Aujourd'hui petite découverte et coup de pub pour le travail de mashupeur de Philippe Bompard, un gars que j'ai croisé par hasard sur Twitter un jour et dont la bio disait, "(m)auteur/(c)réalisateur (mashupeur) du collectif "les cris". Si t'as pas vu "Coluche, un père et manque" bah tu l'as pas vu."
Et je plaide coupable, je n'avais pas vu Coluche, un père et manque et pire j'ai mis un certain temps à me décider à le voir alors qu'il était régulièrement à portée de clic. L'autre jour donc, à l'issue d'un dialogue au sujet du cinéma et des difficultés de la distribution des films de court-métrage en particulier, je me suis dit qu'il était temps d'être cohérent et de soutenir sa création. J'ai lancé son film. Une bonne surprise !

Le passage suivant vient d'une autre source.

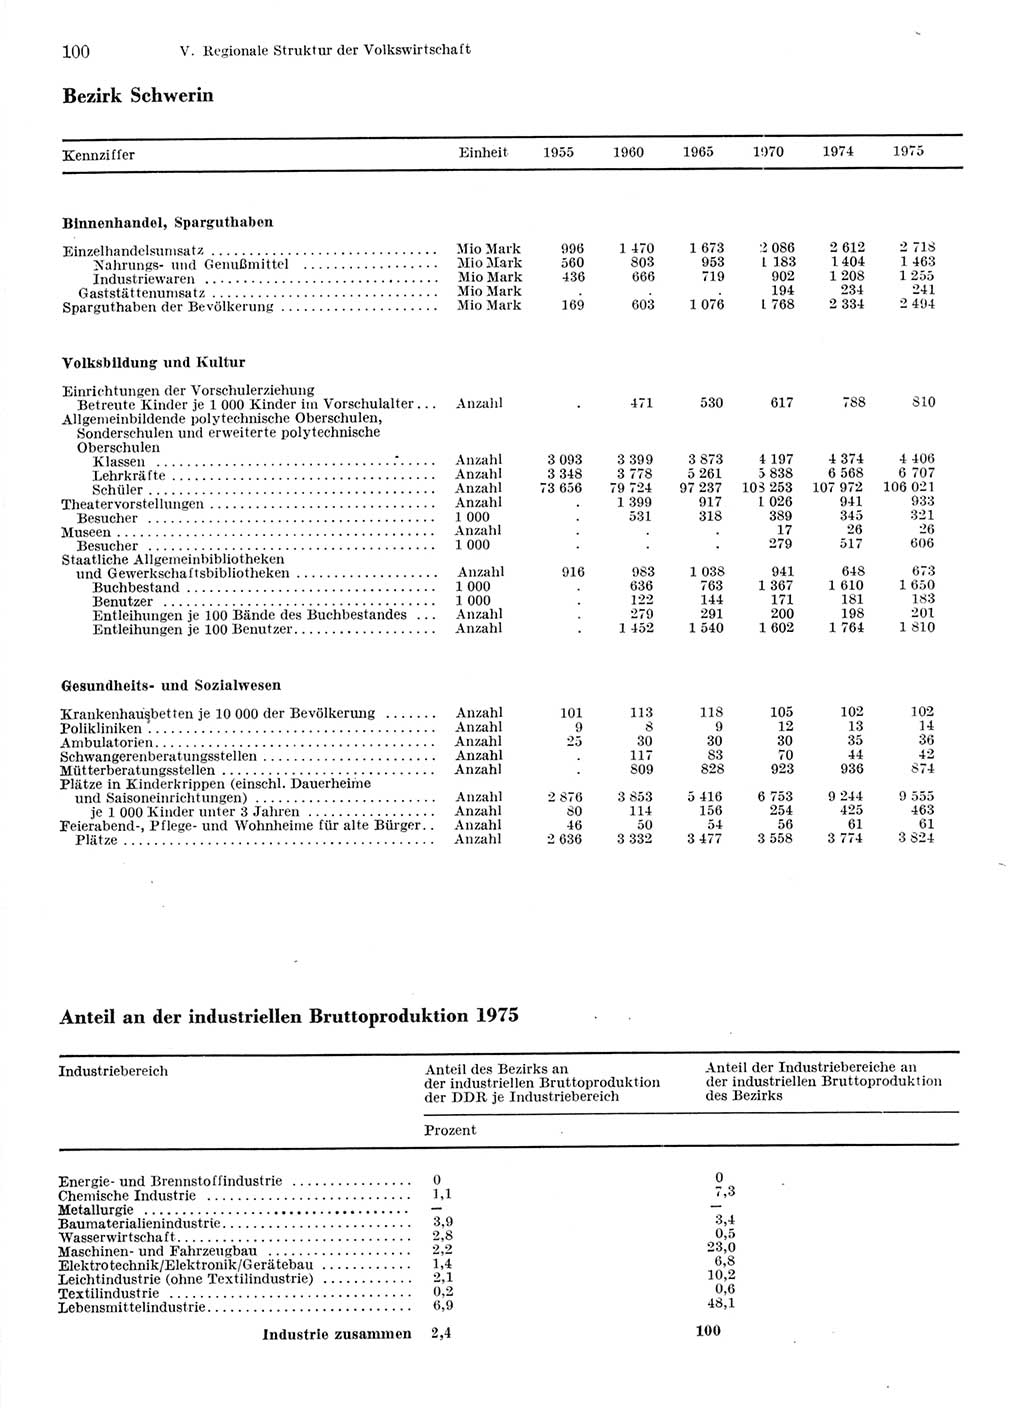 Statistisches Jahrbuch der Deutschen Demokratischen Republik (DDR) 1976, Seite 100 (Stat. Jb. DDR 1976, S. 100)

Au son, les premiers mots qui nous introduisent dans ce film en expliquent parfaitement l'enjeu, avec Jamel Debbouze qui défend le mécanisme de la dédramatisation, de la prise de recul et du rire face aux situations les plus tristes ou les plus douloureuses. A l'image, c'est son personnage de Lucien dans Amélie Poulain qui articule, s'adressant à Raymond Dufayel, l'artiste reclus qui espionne le monde de loin en se focalisant sur ses tragédies.
Premier mélange de sources pour ce mashup qui sur toute sa longueur va faire jouer un dialogue similaire entre fiction mythologique, gag social et documentaire dramatique. Comme tant d'autres spectateurs visibles à l'écran, qui tantôt rient tantôt frissonnent en découvrant cette histoire, Raymond Dufayel va faire l'expérience quasi psychédélique d'une déconnexion entre un sujet et les différentes manières de le raconter, car tout cela se déroulera sous ses yeux, dans l'écran de télévision bien connu qui retransmet habituellement les images de sa caméra-espion. Écran qu'Amélie pirate d'ailleurs elle-même dans le film en essayant de changer la perception du monde du vieil homme. Cohérent !
Dramatiser vs dédramatiser, bâtir un héros déchu en larmoyant ou plutôt en riant de sa propre désinvolture face au malheur. Faire de lui l'espoir d'une résistance ou plutôt l'associer à l'image du "cassos déjanté" et perdu d'avance. Coluche, un père et manque va constamment déplacer le curseur entre ces deux pôles en profitant de la possibilité de décalage inhérente au format du mashup.
Par bien des aspects ce film est très fun. Un peu comme pour une YTP/YouTube Poop sa façon de se permettre les mélanges les plus surprenants amuse. Mais petit à petit la dédramatisation s'estompe, et les images deviennent plus lourdes et grandiloquentes. Lorsque le générique de fin apparaît, on oublie presque qu'on avait commencé par se marrer.
Après coup on se dit que Coluche, un père et manque est donc un objet intriguant et bien foutu, que le public et le jury du Mashup Film Festival de 2019 ont d'ailleurs décidé de primer en saluant son originalité. A vous de jeter un oeil et de voir ce que permettent le montage et le mashup au-delà de la seule rigolade. On pense sans doute souvent à tort que l'exercice ne peut que favoriser le rire, mais sur ce coup là Philippe Bompard a su démontrer qu'on peut s'en servir pour développer une vraie poétique de la mise en abîme et donc dépasser le simple stade de la plaisanterie.